| What the task requires |
Please return all lines in the listing holding the word "Lane".
------ Material provided
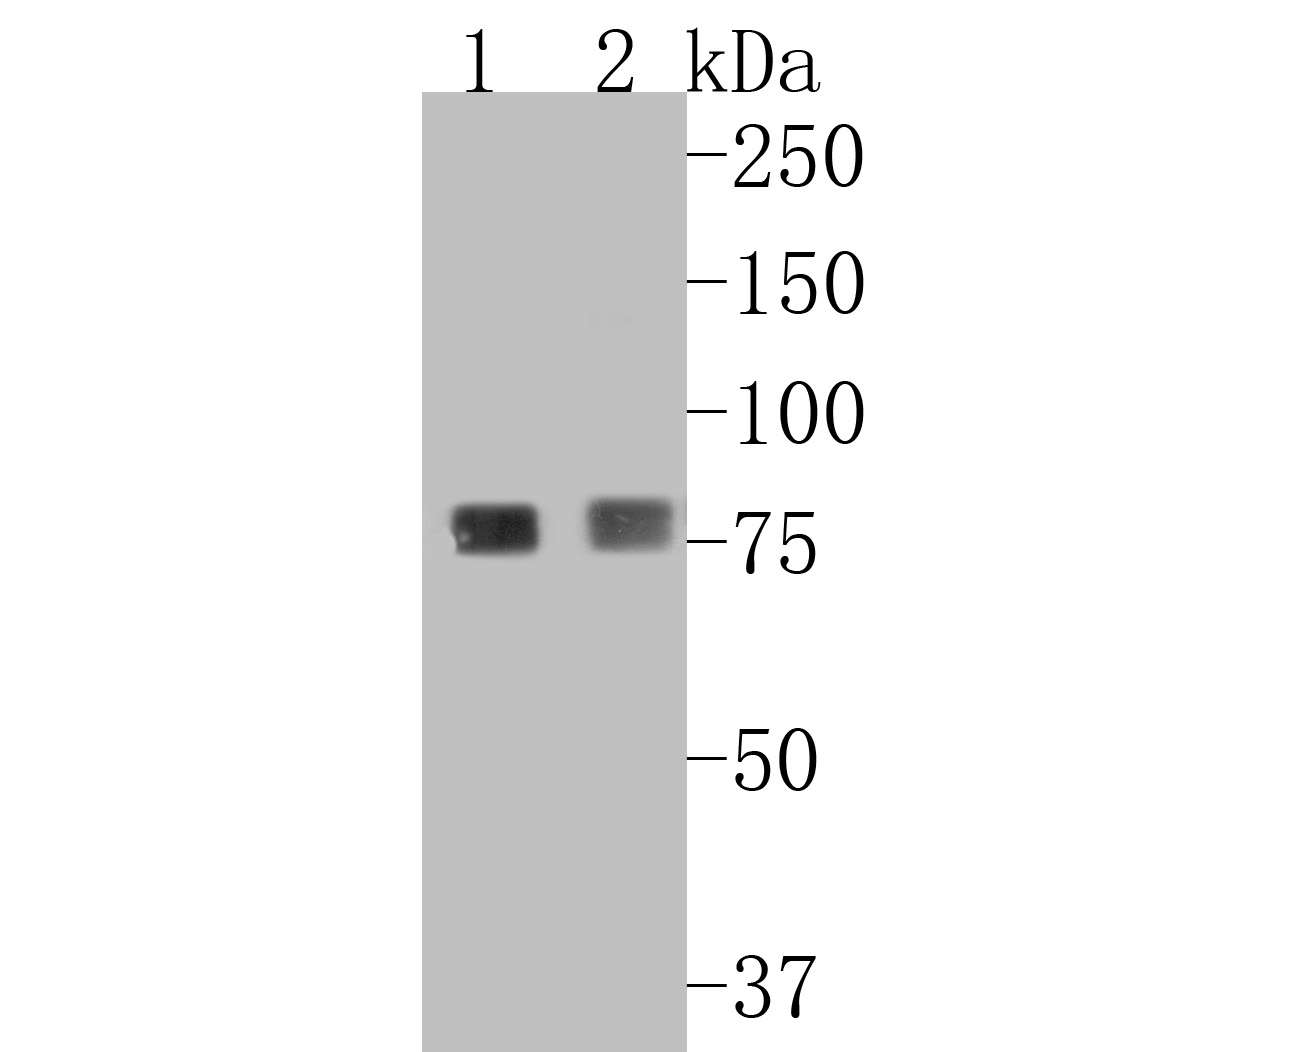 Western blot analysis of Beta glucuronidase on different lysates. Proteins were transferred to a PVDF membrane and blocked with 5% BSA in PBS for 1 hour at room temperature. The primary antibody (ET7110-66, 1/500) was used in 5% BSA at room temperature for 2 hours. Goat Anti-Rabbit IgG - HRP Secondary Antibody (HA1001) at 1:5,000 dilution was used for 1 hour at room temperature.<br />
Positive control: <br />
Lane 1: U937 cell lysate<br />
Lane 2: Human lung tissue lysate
------------
| Answer to this task |
Lane 1: U937 cell lysate<br />
Lane 2: Human lung tissue lysate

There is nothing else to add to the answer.